DATA EXTRACT:

————

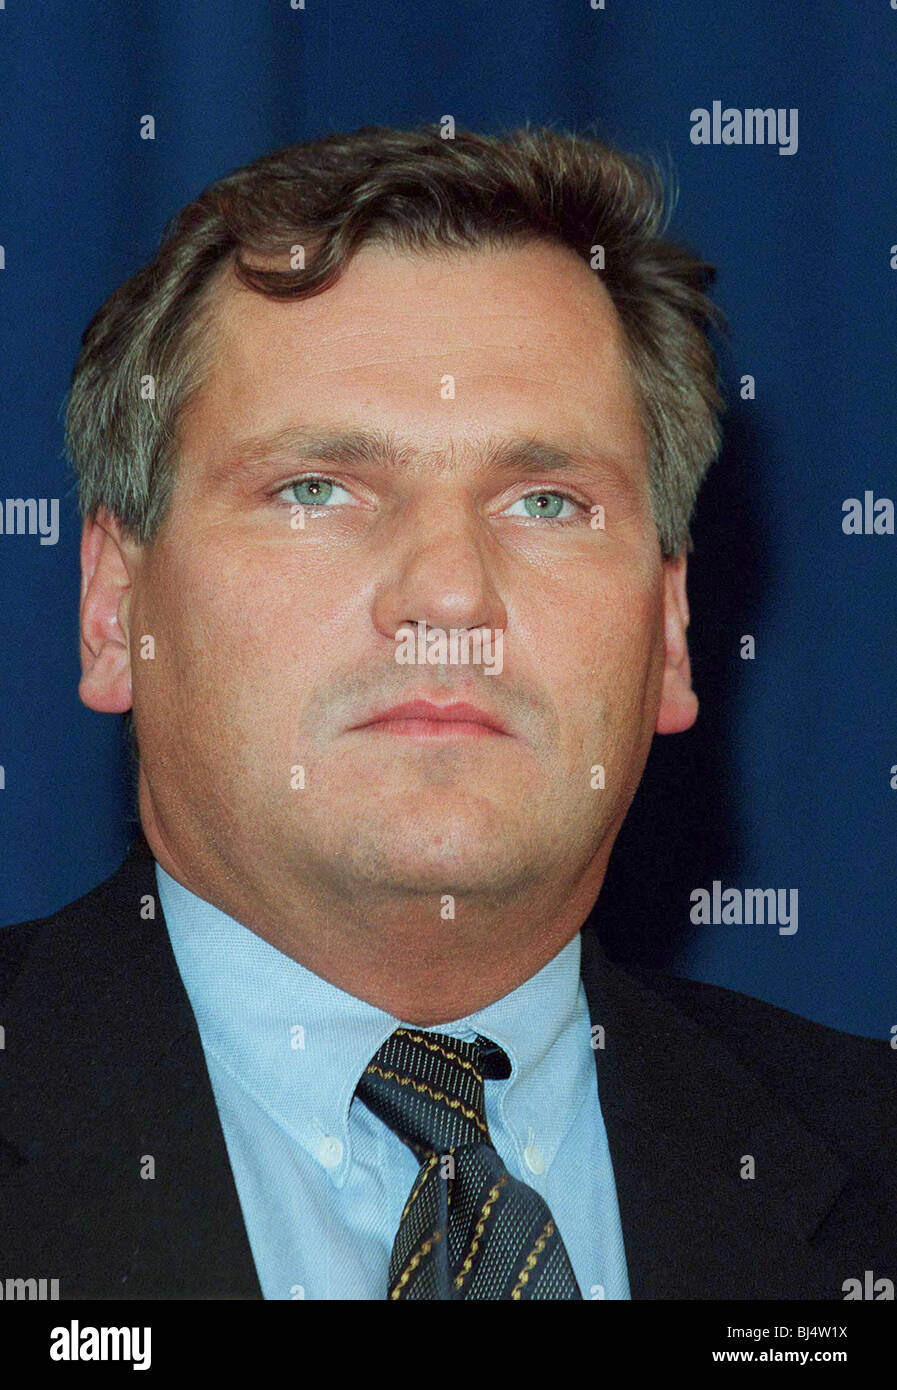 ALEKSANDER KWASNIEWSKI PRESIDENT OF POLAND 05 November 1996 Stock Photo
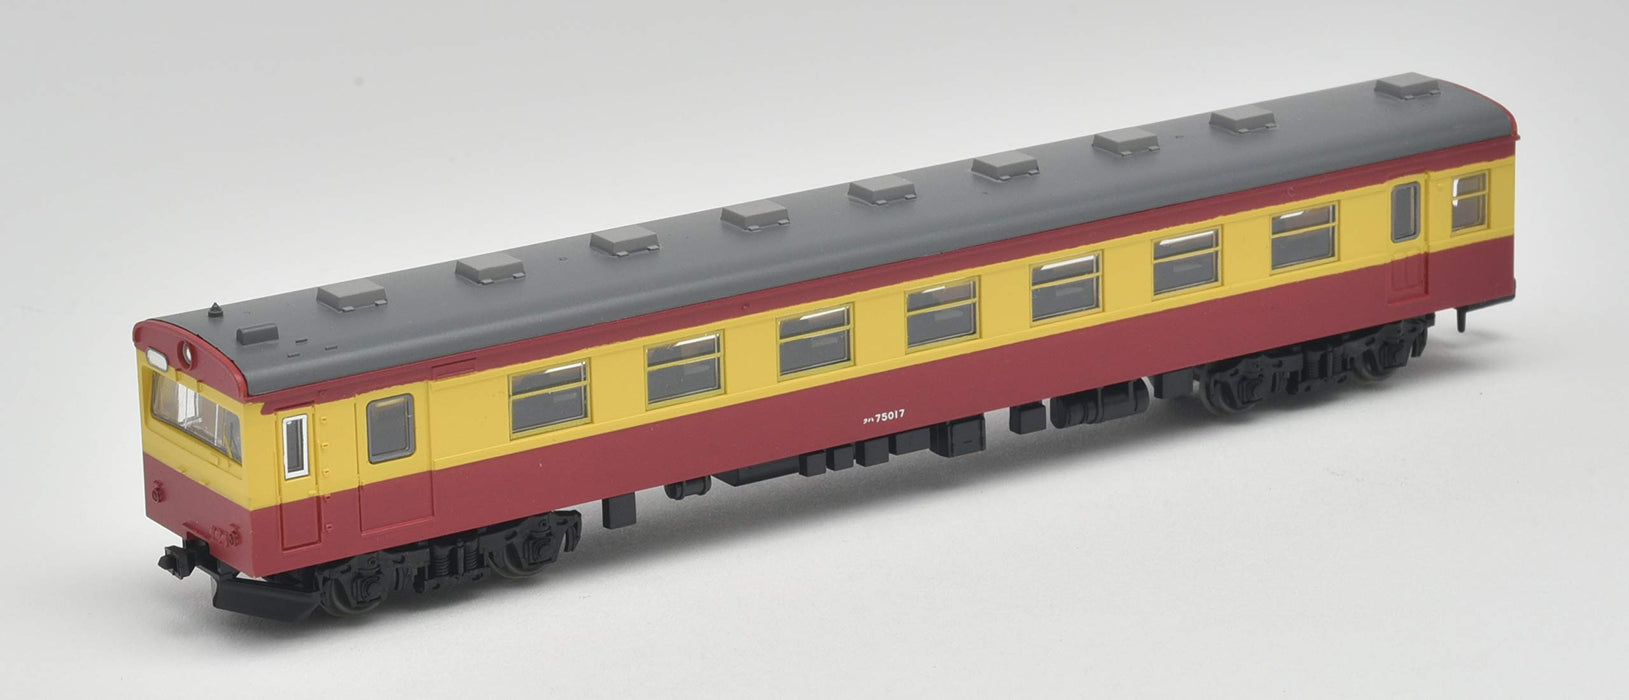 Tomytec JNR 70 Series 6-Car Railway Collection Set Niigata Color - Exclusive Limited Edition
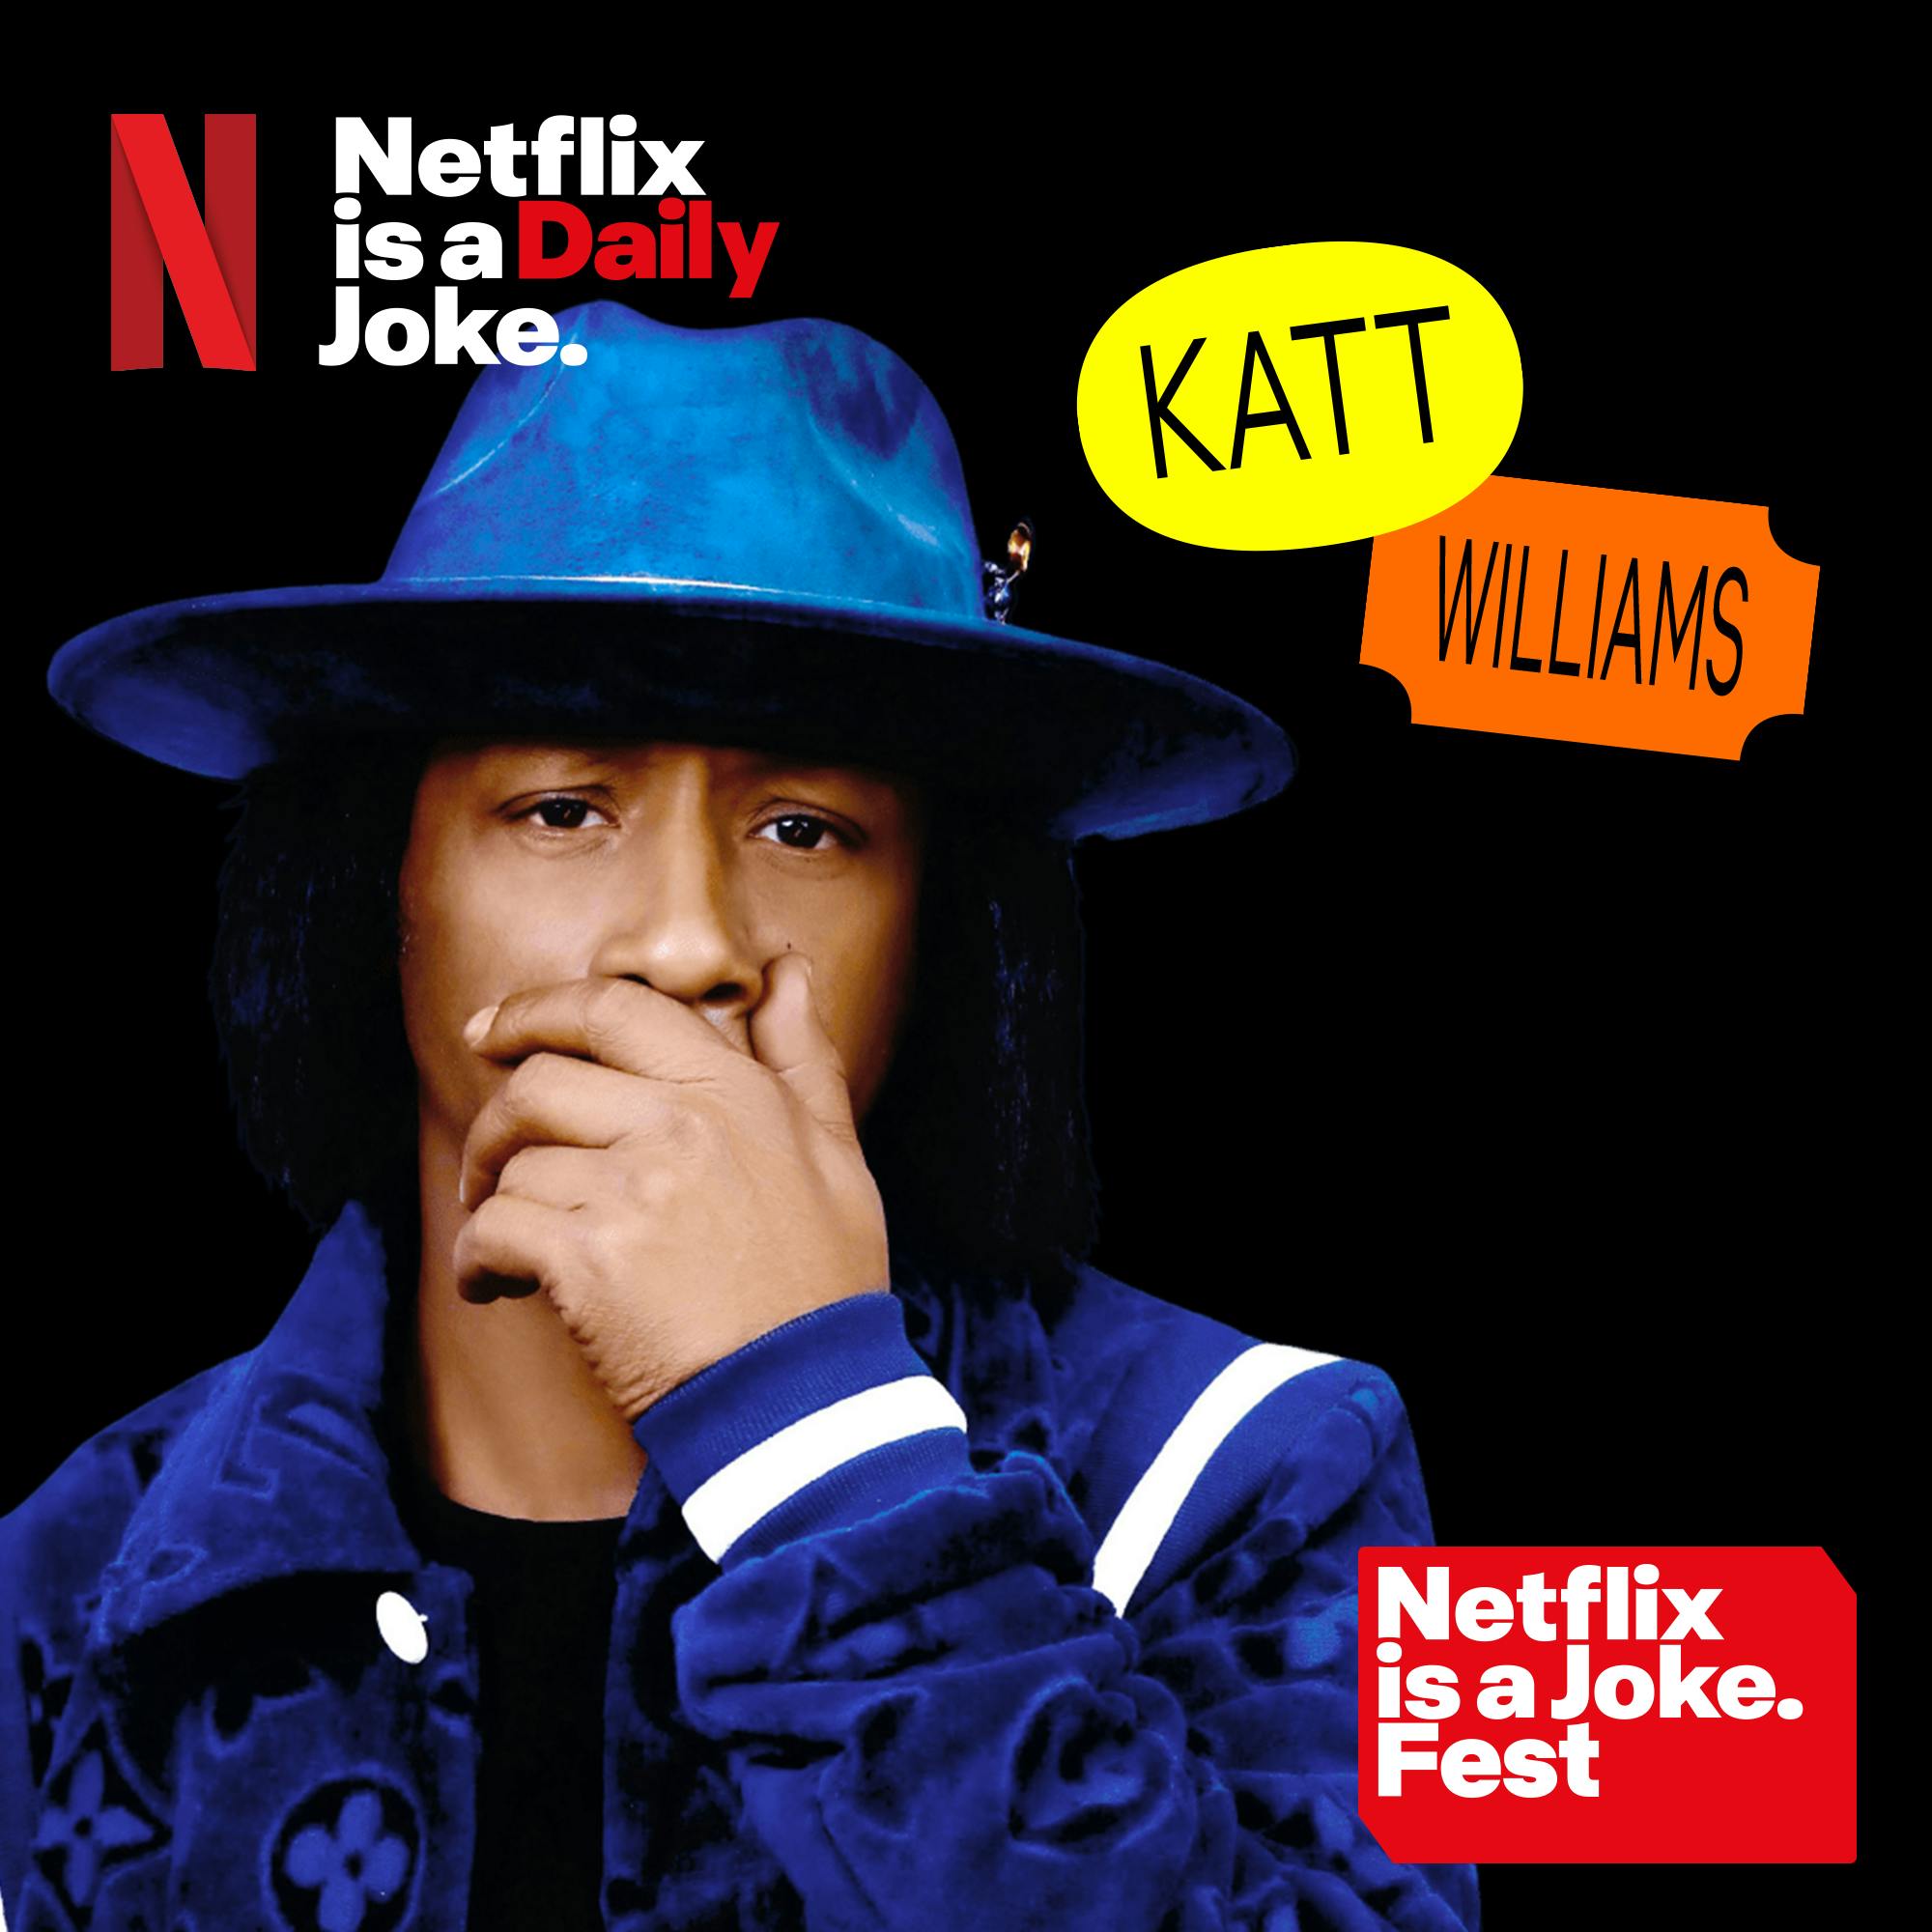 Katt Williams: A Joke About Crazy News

————

ASSIGNED TASK: Reproduce precisely the lines of the listing above, from the line containing "Tomytec JNR 70" to the last line, both ends included. Pictures are to be omitted.

WRITTEN ANSWER:
 Tomytec JNR 70 Series 6-Car Railway Collection Set Niigata Color - Exclusive Limited Edition
 Katt Williams: A Joke About Crazy News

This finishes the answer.